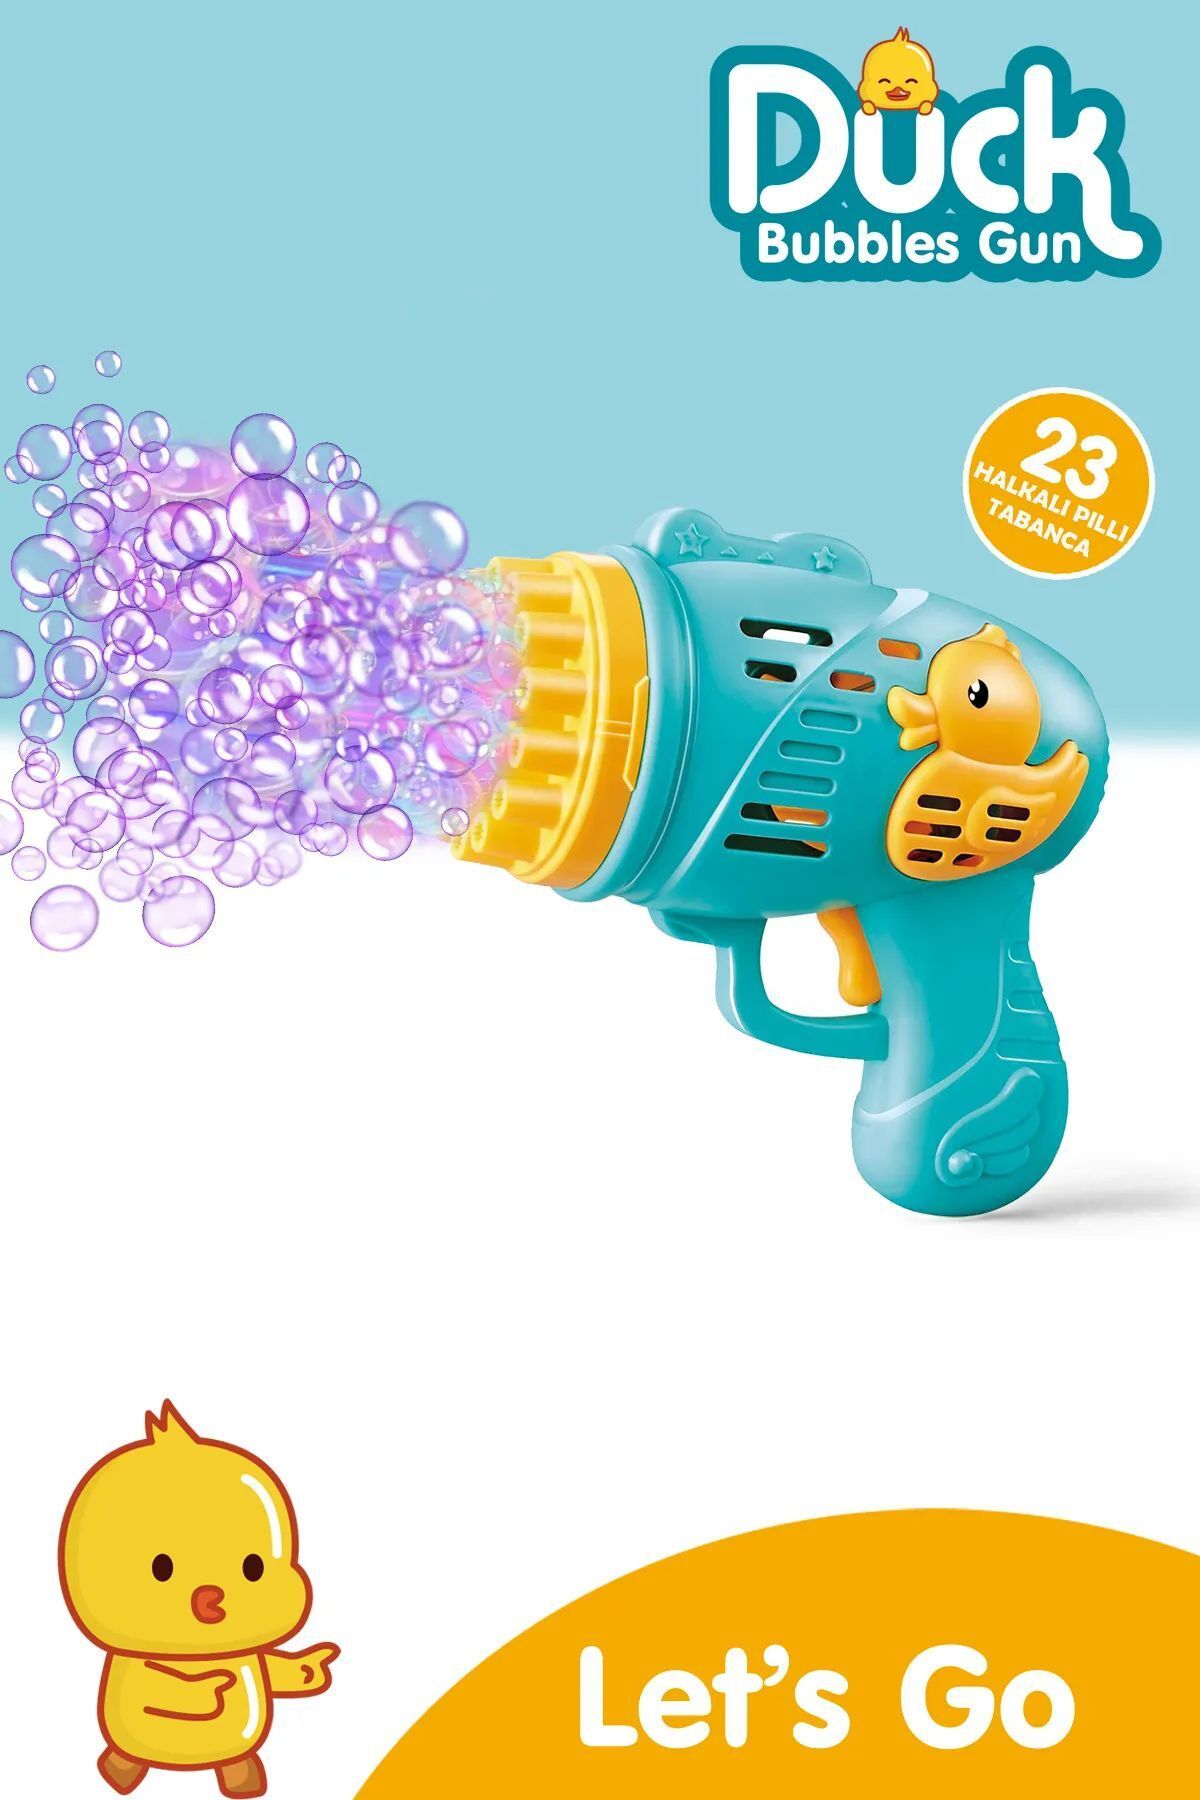 LONDONstore Duck Çok Delikli Pilli Köpük Atan Tabanca Oyuncağı 23 Delikli Bubble Gun
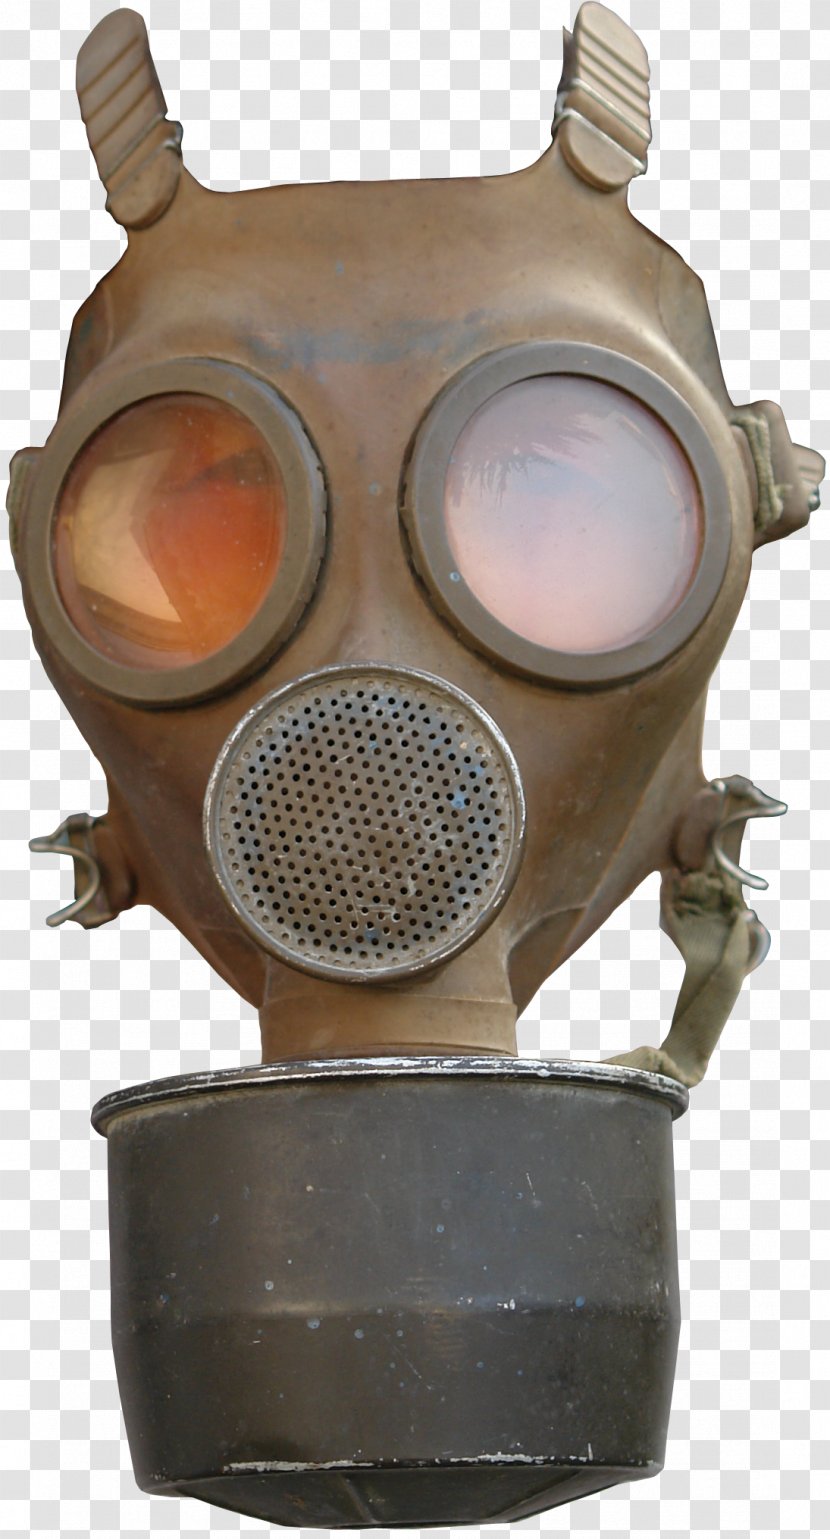 Gas Mask Image File Formats - Front Masks Transparent PNG
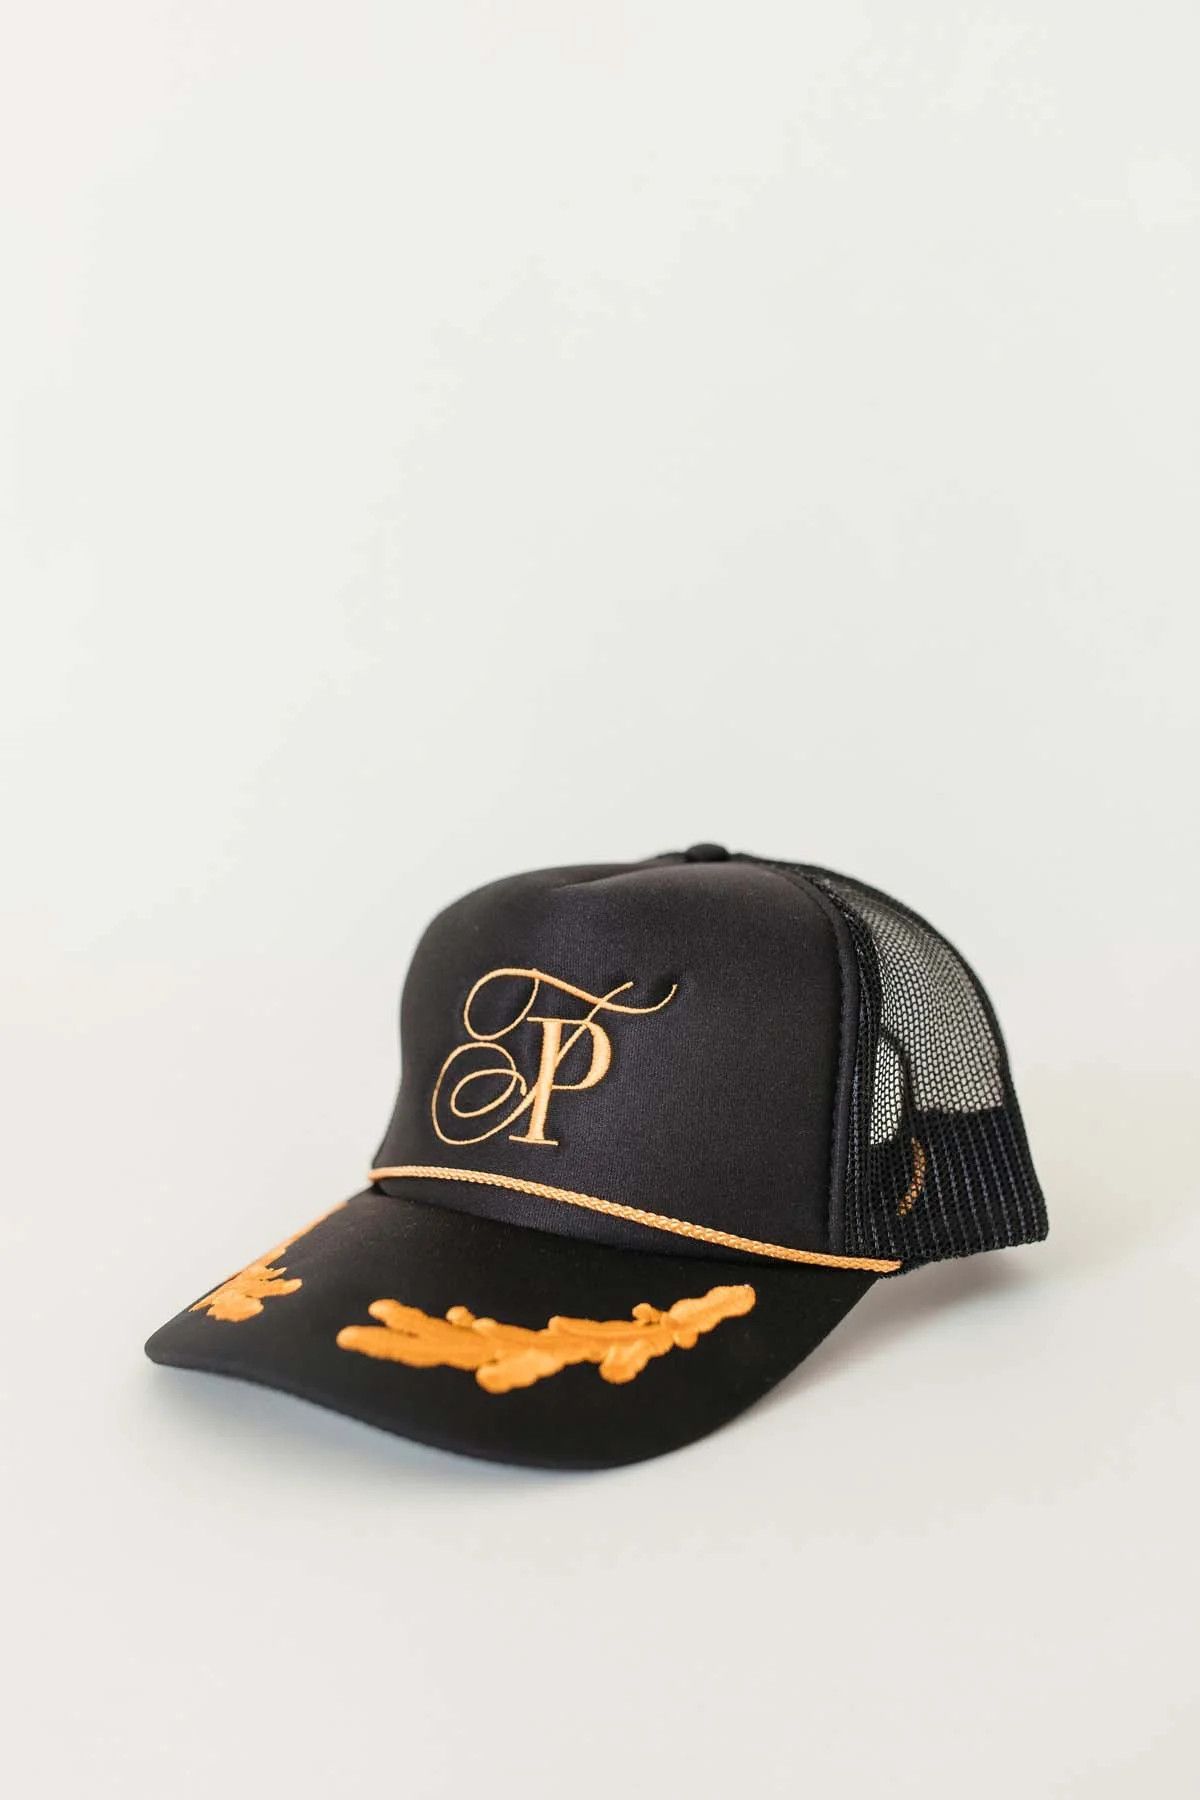 Postie Trucker Hat | The Post

----------

Give back the material above exactly as it appears, minus the pictures.

 LONDONstore Duck Çok Delikli Pilli Köpük Atan Tabanca Oyuncağı 23 Delikli Bubble Gun
 Gas Mask Image File Formats - Front Masks Transparent PNG
 Postie Trucker Hat | The Post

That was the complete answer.